I just noticed this post. I'm a born and raised Calgarian who's now living in UAE temporarily (miss Calgary). Anyways, I'm biased and will say Calgary is better. You may also want to compare health care offered by the province and the private health benefits as I believe Alberta is better. Its also the only province that doesn't pay pst only gst. As for Catholic Churches there are lots. Also we have the Catholic school board (I was a teacher for the board) its the same as the public school board but only for catholics as we practice the religion in school and take the kids to church. you just need to present yours and/or your child's baptism certificate upon registration.


----------



## miraculousmedal (Nov 26, 2008)

mcd1203 said:


> I just noticed this post. I'm a born and raised Calgarian who's now living in UAE temporarily (miss Calgary). Anyways, I'm biased and will say Calgary is better. You may also want to compare health care offered by the province and the private health benefits as I believe Alberta is better. Its also the only province that doesn't pay pst only gst. As for Catholic Churches there are lots. Also we have the Catholic school board (I was a teacher for the board) its the same as the public school board but only for catholics as we practice the religion in school and take the kids to church. you just need to present yours and/or your child's baptism certificate upon registration.

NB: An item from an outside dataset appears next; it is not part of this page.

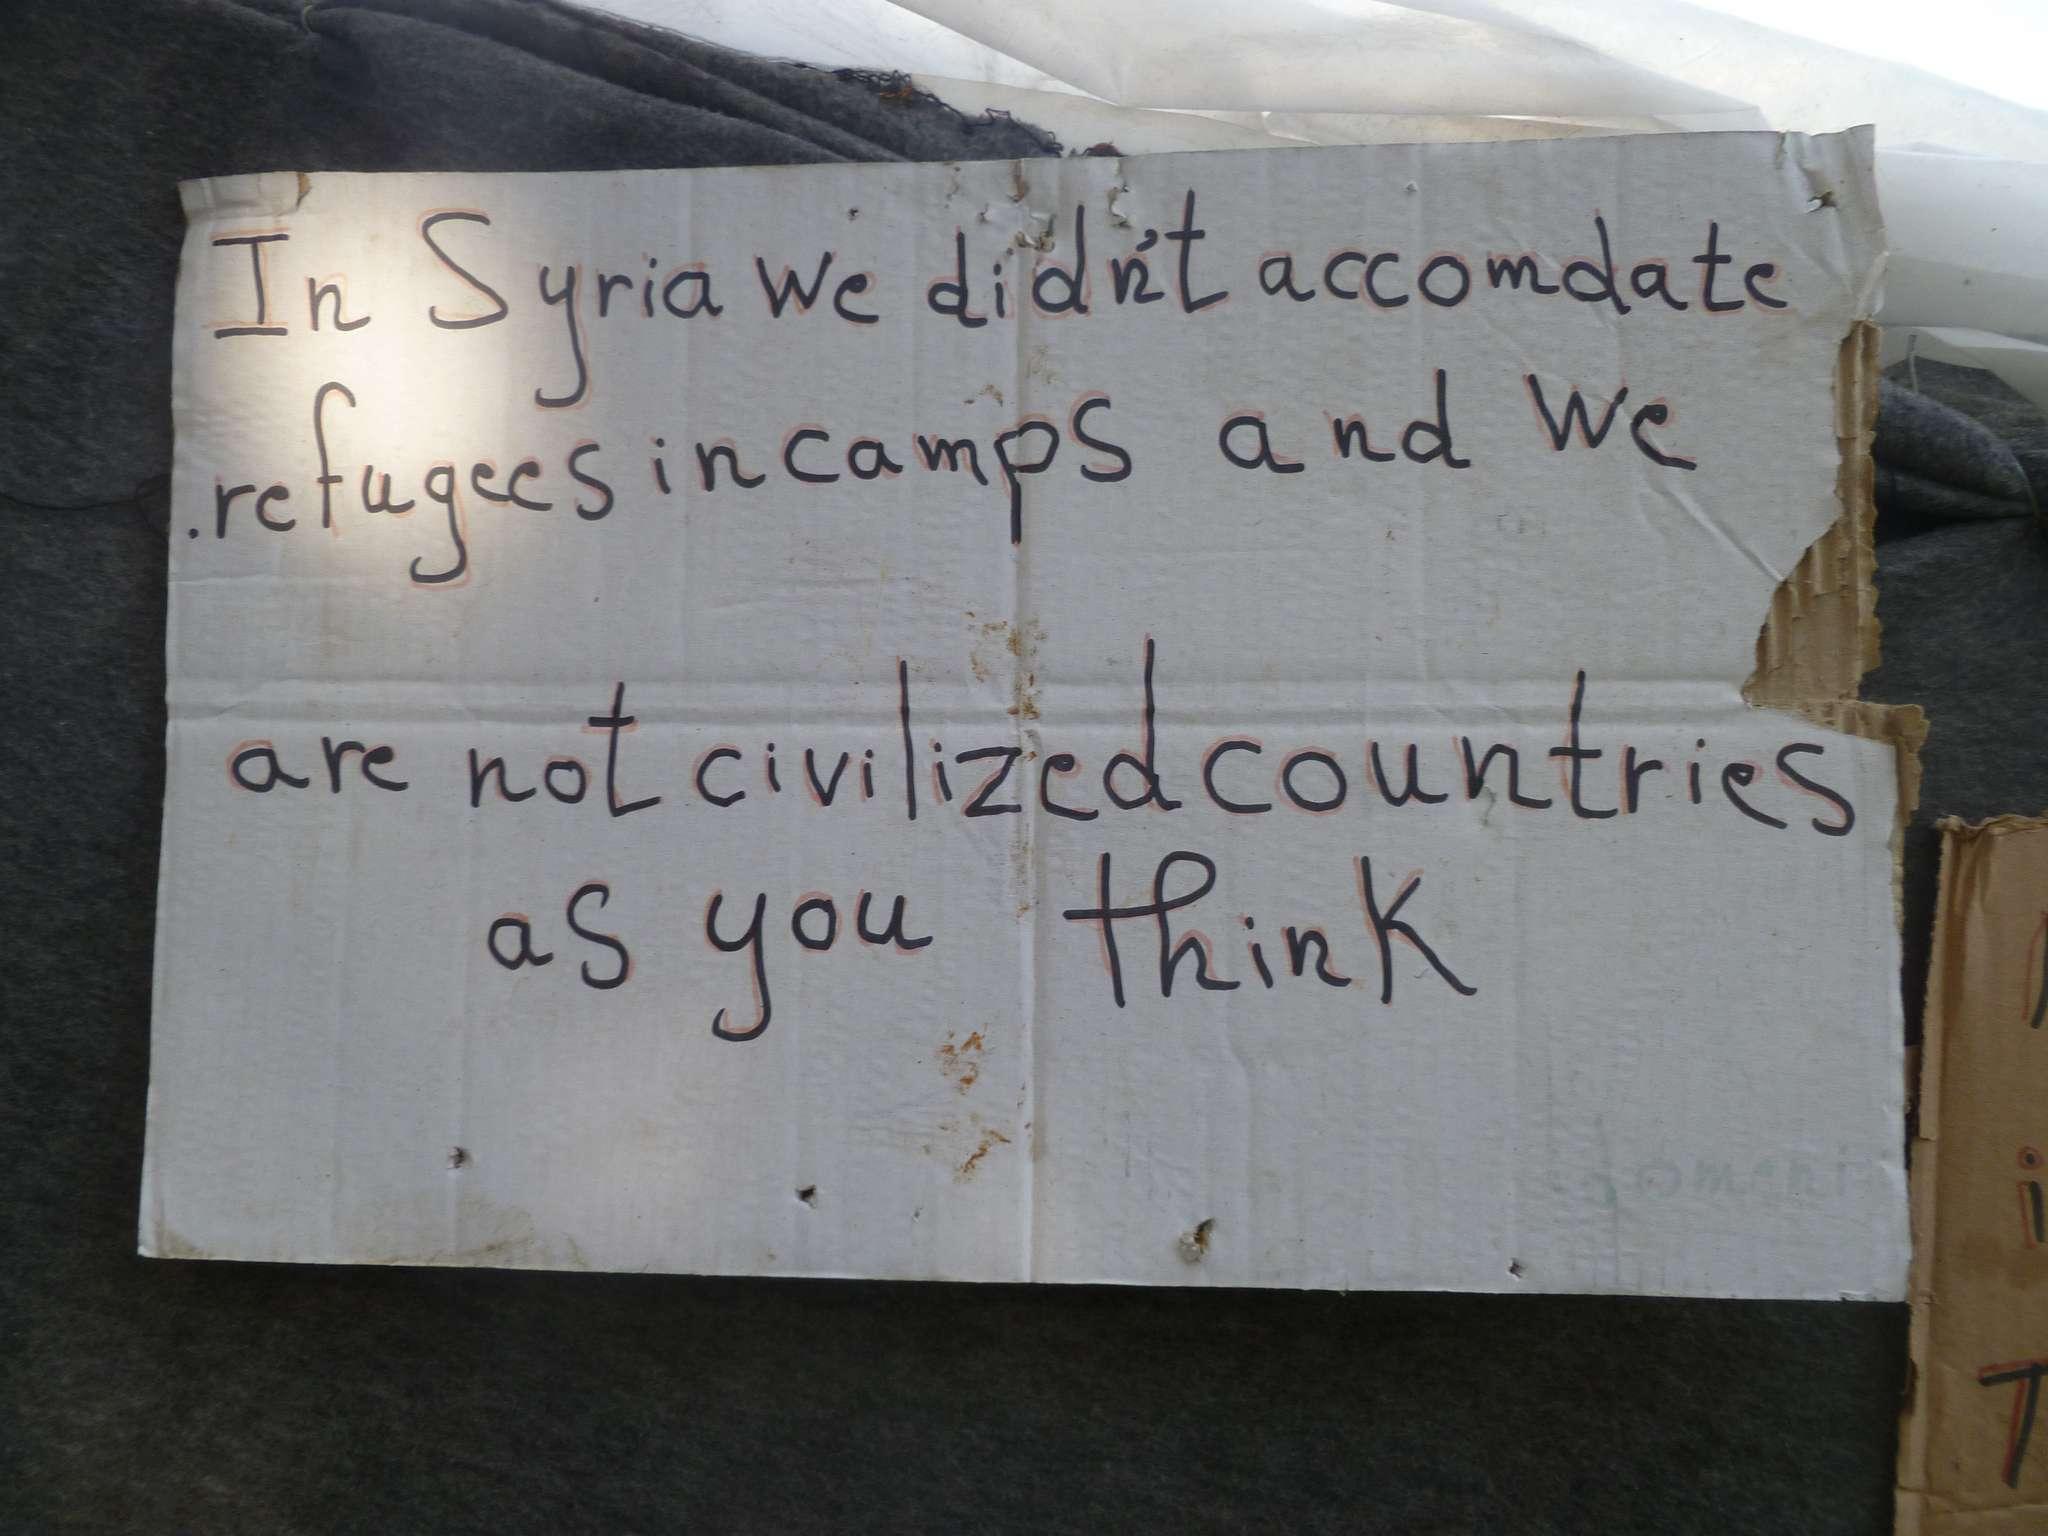 refugiados-denuncia-social-p1050096

Thank you very much for taking the time to respond to my query. It really helps me a lot with my decision.


----------



## richardhenderson (Oct 9, 2009)

Winnipeg is fine
The cost of housing is reasonable, transportation to work and back is good. It takes my wife 8 minutes to drive downtown to work. U.S. cities are 2 hours by car. The airport is open 24 hrs. Steinbach is only a 25 minite drive from Winnipeg and the people in Steinbach are very friendly, true no booze in town.
There are more than 100 things you can do each summer in Manitoba that do not cost anything for example the zoo, electrical museum, Salsa dancing lessons at the forks, free outdoor concerts etc...
Rick Henderson


----------